3.6. The Effect of RES and PD on Crystal Phagocytosis
As crystal phagocytosis represents a fundamental step in triggering the inflammatory response to crystals, the hypothesis that PD and RES could interfere with crystal internalization has been examined.
The phagocytosis was measured at different time points (4, 24, and 48 h) on cells treated or pretreated with PD and RES. Figure 5 shows the variation of the phagocytosis index over time. While PD reduced in a non-significant manner the uptake of crystals, the phagocytosis index diminished significantly in presence of RES. However, the pretreatment of the cells with the two polyphenols had no effect on the phagocytosis process.
4. Discussion
This study showed that RES and PD, two important polyphenols found in grape juice and red wine [24], reduce IL-1β release in THP-1 cells stimulated by pathogenic crystals affecting inflammasome activity but not its gene expression. We have found that these compounds influence the production of ROS and NO and show a strong preventing effect towards the release of these inflammatory mediators. We also demonstrated that RES had a stronger anti-inflammatory effect with respect to PD, explained, at least in part, by its capacity to inhibit the process of crystal phagocytosis.
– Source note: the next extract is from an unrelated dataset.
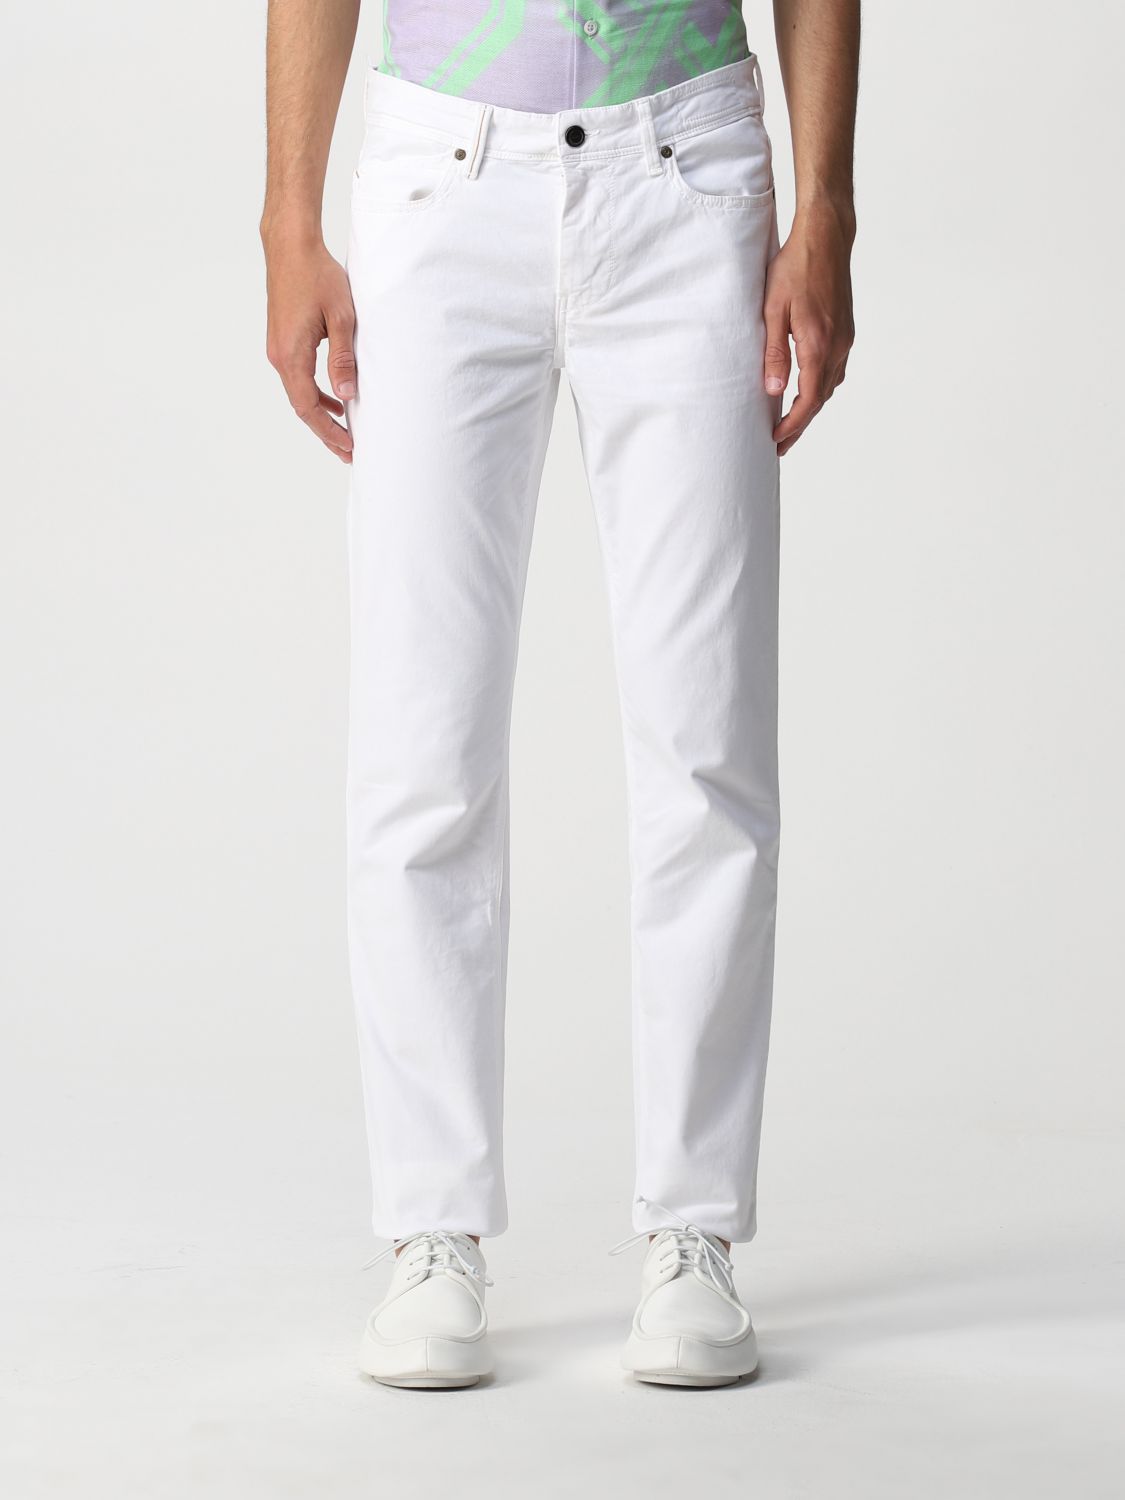 Pantalón Re-Hash: Pantalón hombre Re-hash blanco 1
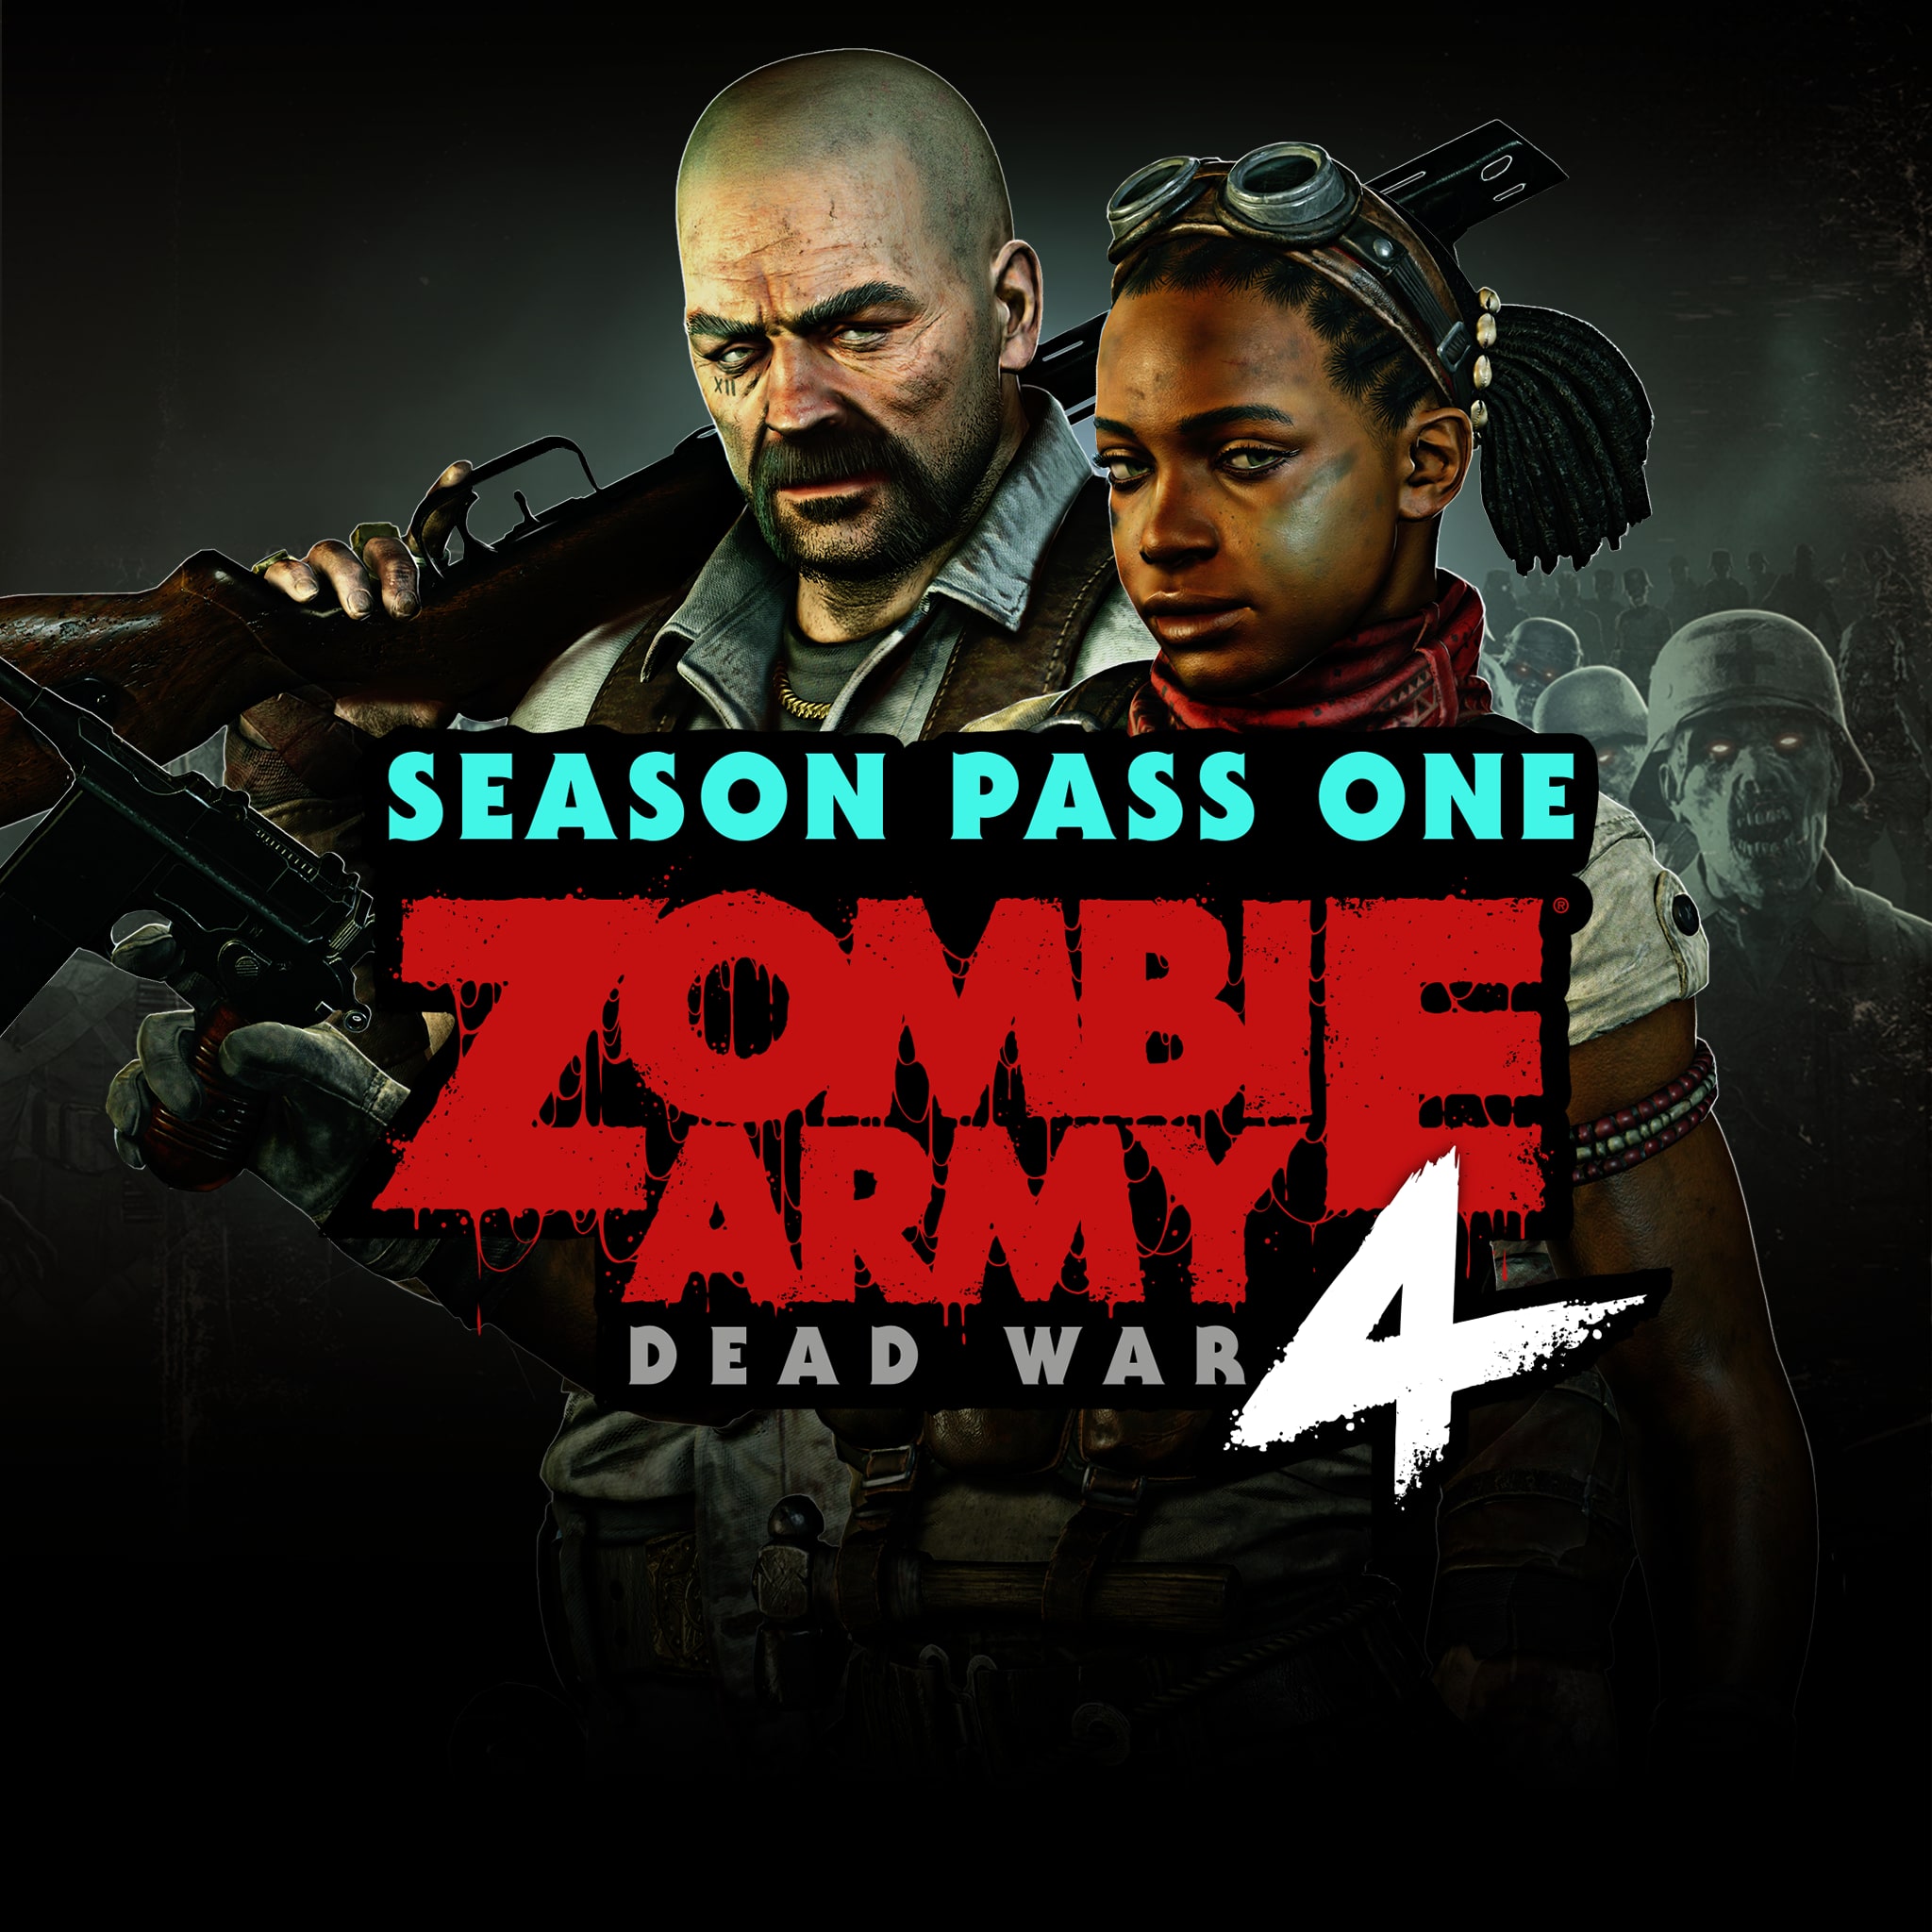 Zombie Army 4: Season Pass One

In humans, CPP and MSU crystal deposition triggers powerful inflammatory reactions causing, respectively, calcium pyrophosphate crystal-associated arthritis (pseudogout) and gout. Both types of crystals activate specific signaling pathways leading to the production of inflammatory cytokines, chemokines, and pro-oxidant molecules in the synovial compartment [25]. As stated above, IL-1β is one of the most important mediators in crystal-induced inflammation [3,5].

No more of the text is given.